I’ve got loads of cookbooks, far too many my husband would say! I really don’t use them often enough, I tend to look through them to gain ideas and then make things up as I go along. I’m not very good at following a recipe to the letter and as a result there’s been a few wonderful meals but there’s also been a few ‘unrepeatables’!
I’ve decided to challenge myself every once in a while and actually follow a recipe for once in my life and share the results with you. The first cookbook to be tried is The Philadelphia Cookbook. Photo from Philadelphia.co.uk. I’m slightly obsessed by Philadelphia. I seem to live on it. I eat it on my bagel for breakfast; I eat it on a bagel for lunch think I’m slightly obsessed by bagels too, and I often use it in the sauces I make for dinner.

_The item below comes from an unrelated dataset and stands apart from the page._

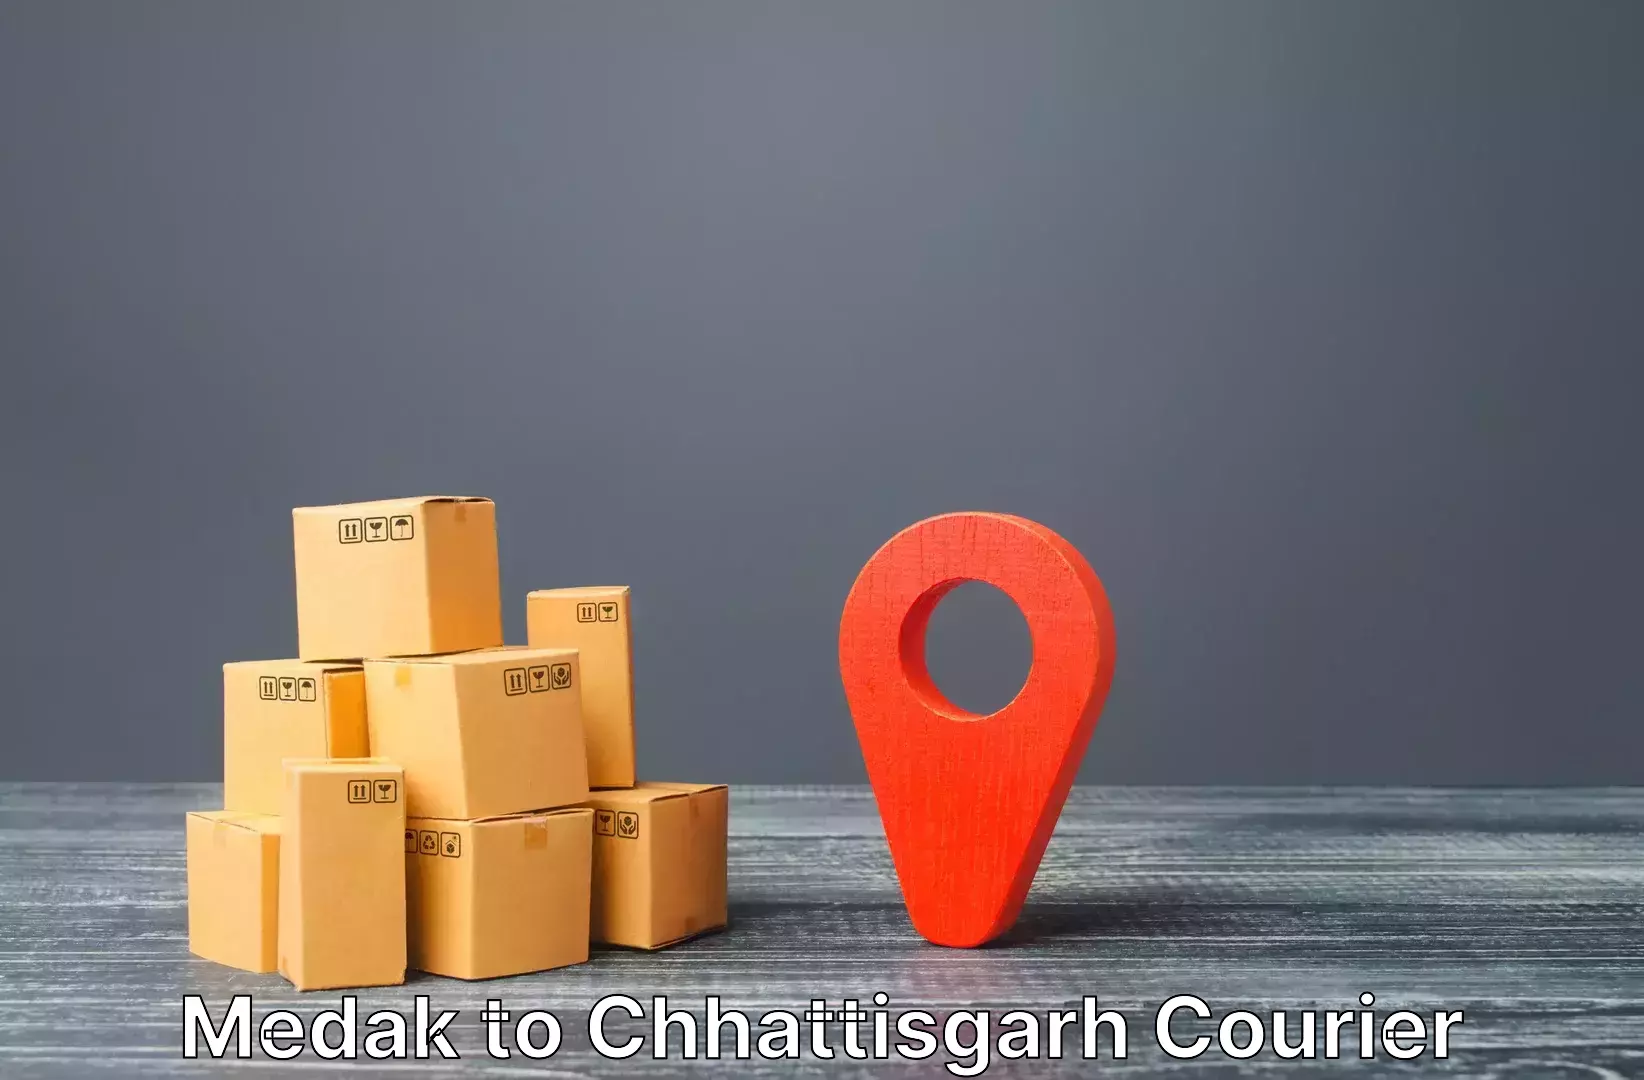 Same day luggage service Medak to Chhattisgarh

I used the recipe for Cannellini Bean Mash. I’m not a big bean person; I will quite happily eat baked beans, but I don’t tend to eat any others. Time to grow up and try new things!
You will need:
♦ 400g can cannellini beans
♦ 50g Philadelphia Garlic and Herbs
♦ 50ml vegetable stock
♦ 2 sprigs of fresh rosemary
Drain the beans and rinse well. Combine the Philadelphia, stock and rosemary springs in a saucepan and heat gently. Add the drained beans and simmer, stirring occasionally for 10 minutes. Season to taste. Mash the bean mixture slightly so it retains a chunky texture and divide it among two plates. Serve with lamb chops and sweetcorn.
It was delicious, it almost had a slightly sweet taste and the texture was good too. I think it would be better served with some crisp green beans or mange tout to provide a more contrasting crunchy texture.